Recent advances in mass spectrometry have led to a draft of the human proteome. With current mass spectrometry based techniques, these types of large scale studies remain an enormous effort. Therefore, there is a great need for breakthrough technologies to push proteomics from fundamental research into the clinic.
Genomics has benefitted from fast and inexpensive emerging single-molecule techniques. We envision similar effects for single-molecule protein sequencing. In this thesis we present our technology that will allow us to analyze protein expression profiles of samples as small as a single cell with large dynamic range.

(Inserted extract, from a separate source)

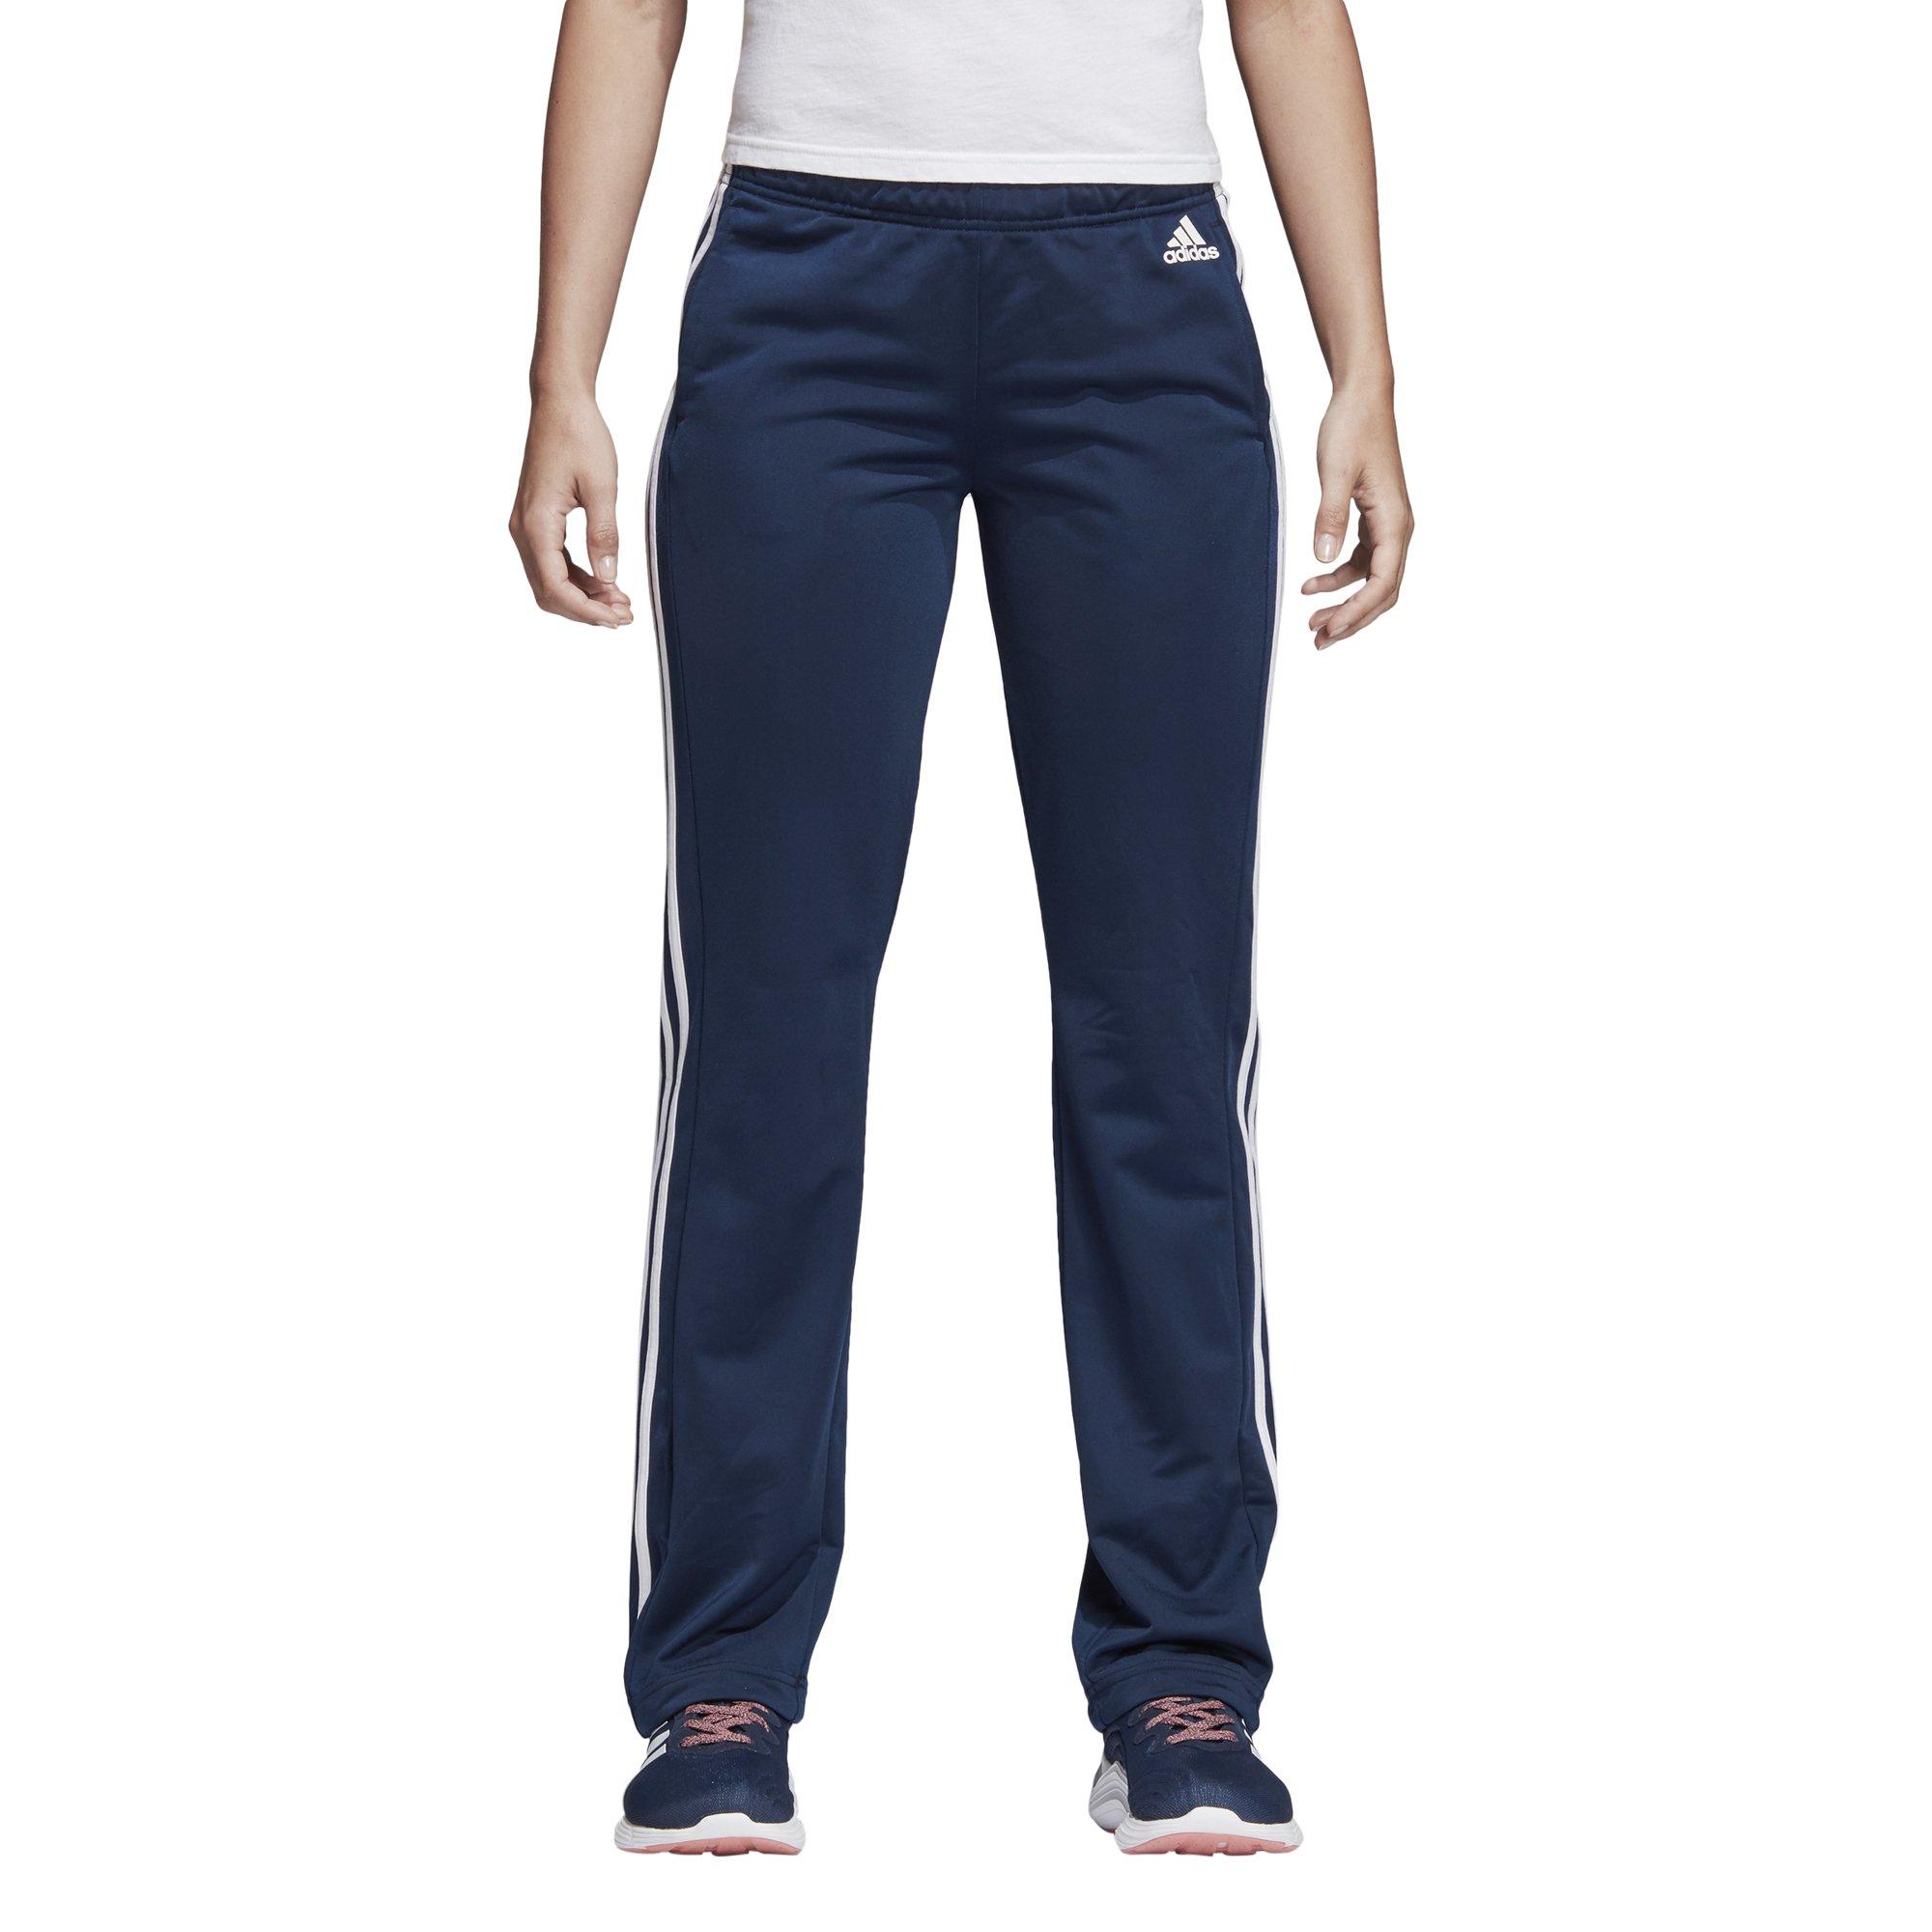 adidas Women's Designed 2 Move Straight Pants, Collegiate Navy/White, X-Small

Back in 2011, when this project was initiated, there was hardly any literature available on this topic. However, the past years more research groups openly shifted their focus to single-molecule protein sequencing. In Chapter 1, we give an overview of recent efforts to establish single-molecule protein sequencing. The foremost reason for the absence of highly sensitive and high-throughput protein sequencing techniques is the complexity of primary protein structures compared to DNA/RNA molecules. Where DNA and RNA consist of four unique building blocks, proteins are built from 20 distinctive amino acids.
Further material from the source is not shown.